Hi! Sorry, my machine was busy training a model so I couldn't get back to you right away. My dataset has about 26000 training examples, with the max being 32K tokens. I tried a quick debug by using a smaller 8K training set of 2 sample and an evaluation set of 2 sample and running evaluation after 1 step. Strange thing is it worked in this case. base_model: Open-Orca/Mistral-7B-OpenOrca
base_model_config: Open-Orca/Mistral-7B-OpenOrca
model_type: MistralForCausalLM
tokenizer_type: LlamaTokenizer
is_mistral_derived_model: true
load_in_8bit: false
load_in_4bit: true
strict: false
datasets:
- path: json
data_files: data/sharegpt/oa-debug-8k-axolotl-sharegpt.json
type: sharegpt
dataset_prepared_path: data/sharegpt/debug-last_run_prepared
val_set_size: .5
output_dir: ./debug-oa-mistral-openorca-ckpt
torch_compile: true
sequence_len: 32768
sample_packing: true
eval_sample_packing: true
pad_to_sequence_len: true
group_by_length: true
adapter: qlora
lora_r: 16
lora_alpha: 32
lora_dropout: 0.05
lora_target_linear: true
lora_fan_in_fan_out:
lora_target_modules:
- gate_proj
- down_proj
- up_proj
- q_proj
- v_proj
- k_proj
- o_proj
wandb_project: OA-Mistral-7B-OpenOrca
wandb_entity:
wandb_watch:
wandb_run_id:
wandb_log_model:
gradient_accumulation_steps: 32
micro_batch_size: 1
num_epochs: 1
optimizer: adamw_bnb_8bit
lr_scheduler: cosine
learning_rate: 0.00005
# Augmentation techniques
# NEFT https://arxiv.org/abs/2310.05914, set this to a number (paper default is 5) to add noise to embeddings
# currently only supported on Llama and Mistral
noisy_embedding_alpha: 5
train_on_inputs: false
group_by_length: true
bf16: true
fp16: false
tf32: false
gradient_checkpointing: true
early_stopping_patience:
resume_from_checkpoint:
local_rank:
logging_steps: 1
xformers_attention:
flash_attention: true
auto_resume_from_checkpoint: true
eval_batch_size: 1
eval_steps: 1
save_steps: 20
warmup_steps: 10
eval_table_size: 5
eval_table_max_new_tokens: 128
debug:
deepspeed:
weight_decay: 0.0
fsdp:
fsdp_config:
special_tokens:
bos_token: "<s>"
eos_token: "</s>"
unk_token: "<unk>" After switching File "/home/richard/miniforge3/envs/axolotl/lib/python3.10/runpy.py", line 196, in _run_module_as_main
return _run_code(code, main_globals, None,
File "/home/richard/miniforge3/envs/axolotl/lib/python3.10/runpy.py", line 86, in _run_code
exec(code, run_globals)
File "/home/richard/github/axolotl/src/axolotl/cli/train.py", line 51, in <module>
fire.Fire(do_cli)
File "/home/richard/miniforge3/envs/axolotl/lib/python3.10/site-packages/fire/core.py", line 141, in Fire
component_trace = _Fire(component, args, parsed_flag_args, context, name)

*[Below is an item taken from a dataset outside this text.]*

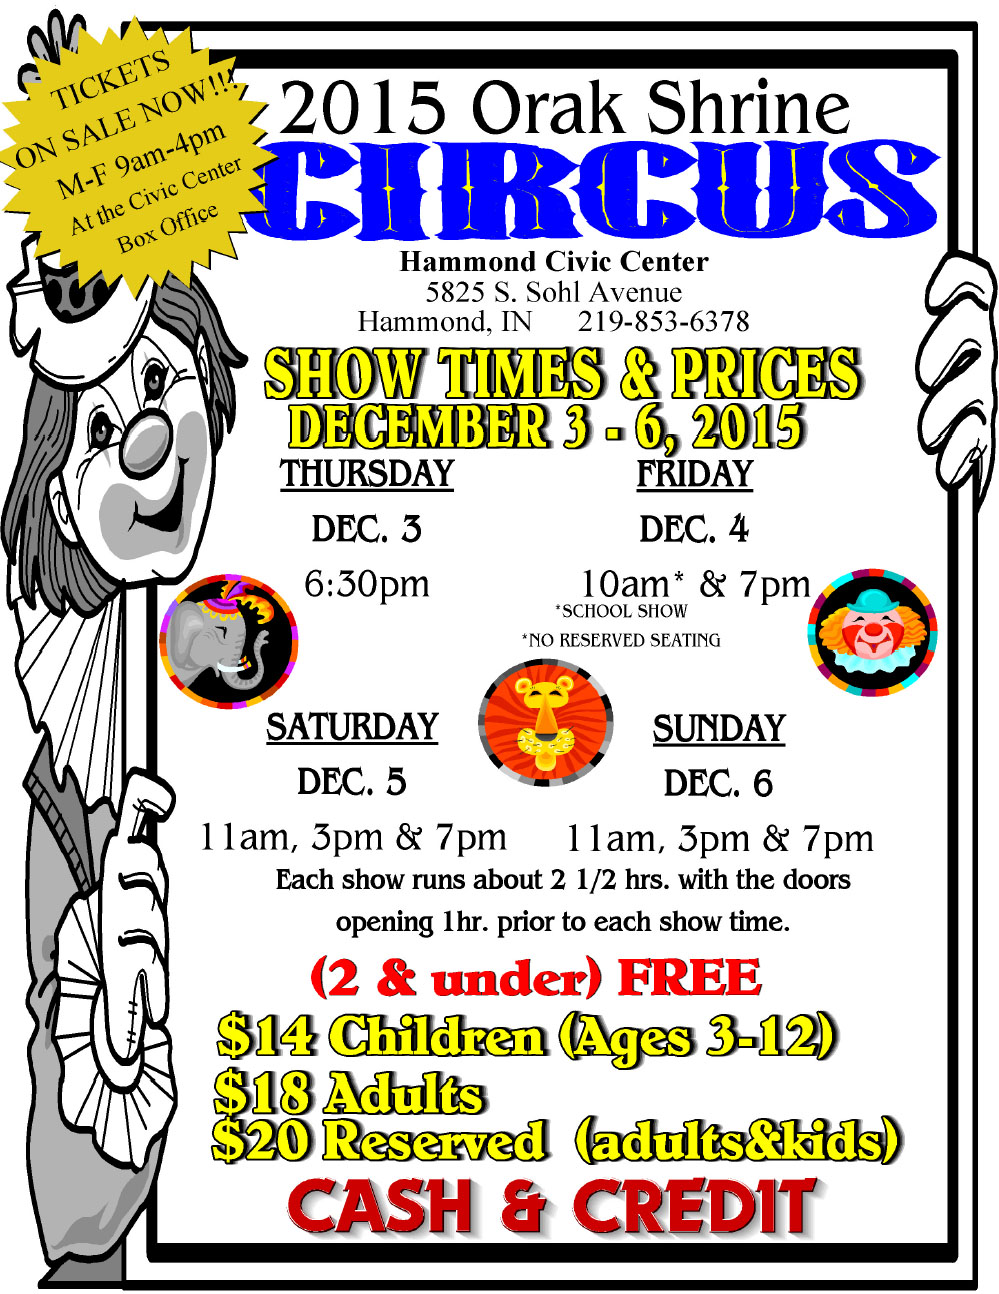 Orak Shrine Circus Returns to Hammond

File "/home/richard/miniforge3/envs/axolotl/lib/python3.10/site-packages/fire/core.py", line 475, in _Fire
component, remaining_args = _CallAndUpdateTrace(
File "/home/richard/miniforge3/envs/axolotl/lib/python3.10/site-packages/fire/core.py", line 691, in _CallAndUpdateTrace
component = fn(*varargs, **kwargs)
File "/home/richard/github/axolotl/src/axolotl/cli/train.py", line 47, in do_cli
train(cfg=parsed_cfg, cli_args=parsed_cli_args, dataset_meta=dataset_meta)
File "/home/richard/github/axolotl/src/axolotl/train.py", line 118, in train
trainer.train(resume_from_checkpoint=resume_from_checkpoint)
File "/home/richard/miniforge3/envs/axolotl/lib/python3.10/site-packages/transformers/trainer.py", line 1591, in train
return inner_training_loop(
File "/home/richard/miniforge3/envs/axolotl/lib/python3.10/site-packages/transformers/trainer.py", line 1984, in _inner_training_loop
self._maybe_log_save_evaluate(tr_loss, model, trial, epoch, ignore_keys_for_eval)
File "/home/richard/miniforge3/envs/axolotl/lib/python3.10/site-packages/transformers/trainer.py", line 2328, in _maybe_log_save_evaluate
metrics = self.evaluate(ignore_keys=ignore_keys_for_eval)
File "/home/richard/miniforge3/envs/axolotl/lib/python3.10/site-packages/transformers/trainer.py", line 3066, in evaluate
output = eval_loop(
File "/home/richard/miniforge3/envs/axolotl/lib/python3.10/site-packages/transformers/trainer.py", line 3255, in evaluation_loop
loss, logits, labels = self.prediction_step(model, inputs, prediction_loss_only, ignore_keys=ignore_keys)
File "/home/richard/miniforge3/envs/axolotl/lib/python3.10/site-packages/transformers/trainer.py", line 3474, in prediction_step
loss, outputs = self.compute_loss(model, inputs, return_outputs=True)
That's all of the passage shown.